Contour Maps and Spatial Changes in Water Levels
A cone of depression is a localized drop in water table elevation, with groundwater
flowing downward toward the center of the cone. If rates of groundwater withdrawal exceed the
rate of aquifer recharge from streams and infiltration from upland areas, then a cone of
depression forms around the well or wells involved. Historical groundwater elevation contours
show that groundwater was flowing southeast in the lowland area just north of Malheur and
Harney Lakes (Figure 14). But more current contour maps show a large cone of depression just
north of Harney Lake. This may be due to overexploitation of the aquifer because the localized
drawdown appears in the form of a cone of depression that is characteristic of pumping. For the
2015 contour map, this cone interrupts the mostly parallel gradient of contour lines established in
1932, causing the groundwater to change trajectory toward the southwest (Figure 15).

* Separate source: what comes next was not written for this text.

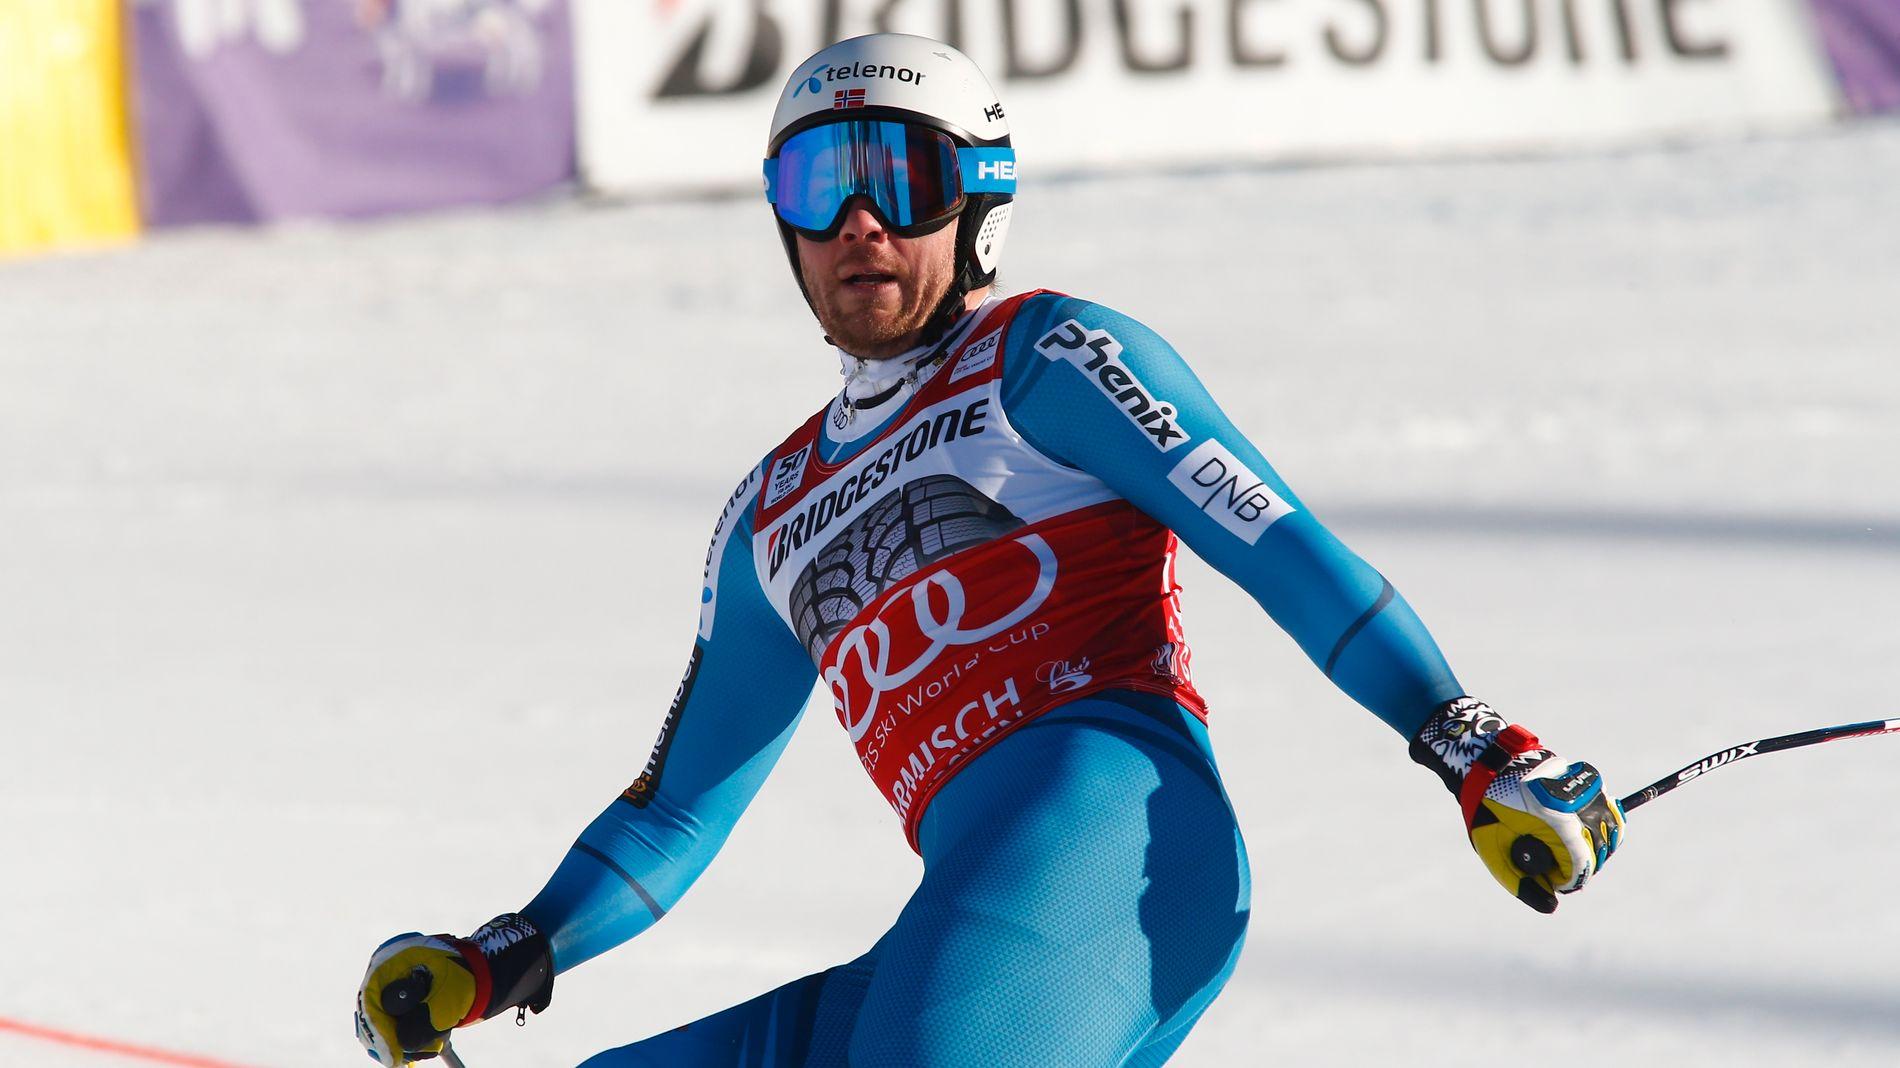 Kjetil Jansrud kikker opp på resultattavlen i målområdet, og må erkjenne at han var over åtte tideler bak Hannes Reichelt etter utforrennet i Garmisch Partenkirchen.

Satellite
imagery of this localized cone of depression reveals that this is an area of agricultural
development and irrigation with little to no available surface water (Figure 16). There are nearby
lakes, but it does not appear that any water from the lakes is being diverted to these fields.
Surface Water Resources
This study greatly simplified the surface water system for the purposes of
evaluating overall qualitative trends in more densely populated areas. The Silvies River is a
meandering river with several branches and calculated downstream flow values do not take into
account branching in the stream or any variations in flow velocity between the measurement
point at station 10393500 and points of surface water diversion. Amount of water withdrawn
was assumed to be the maximum amount allowed by the Water Resources Department.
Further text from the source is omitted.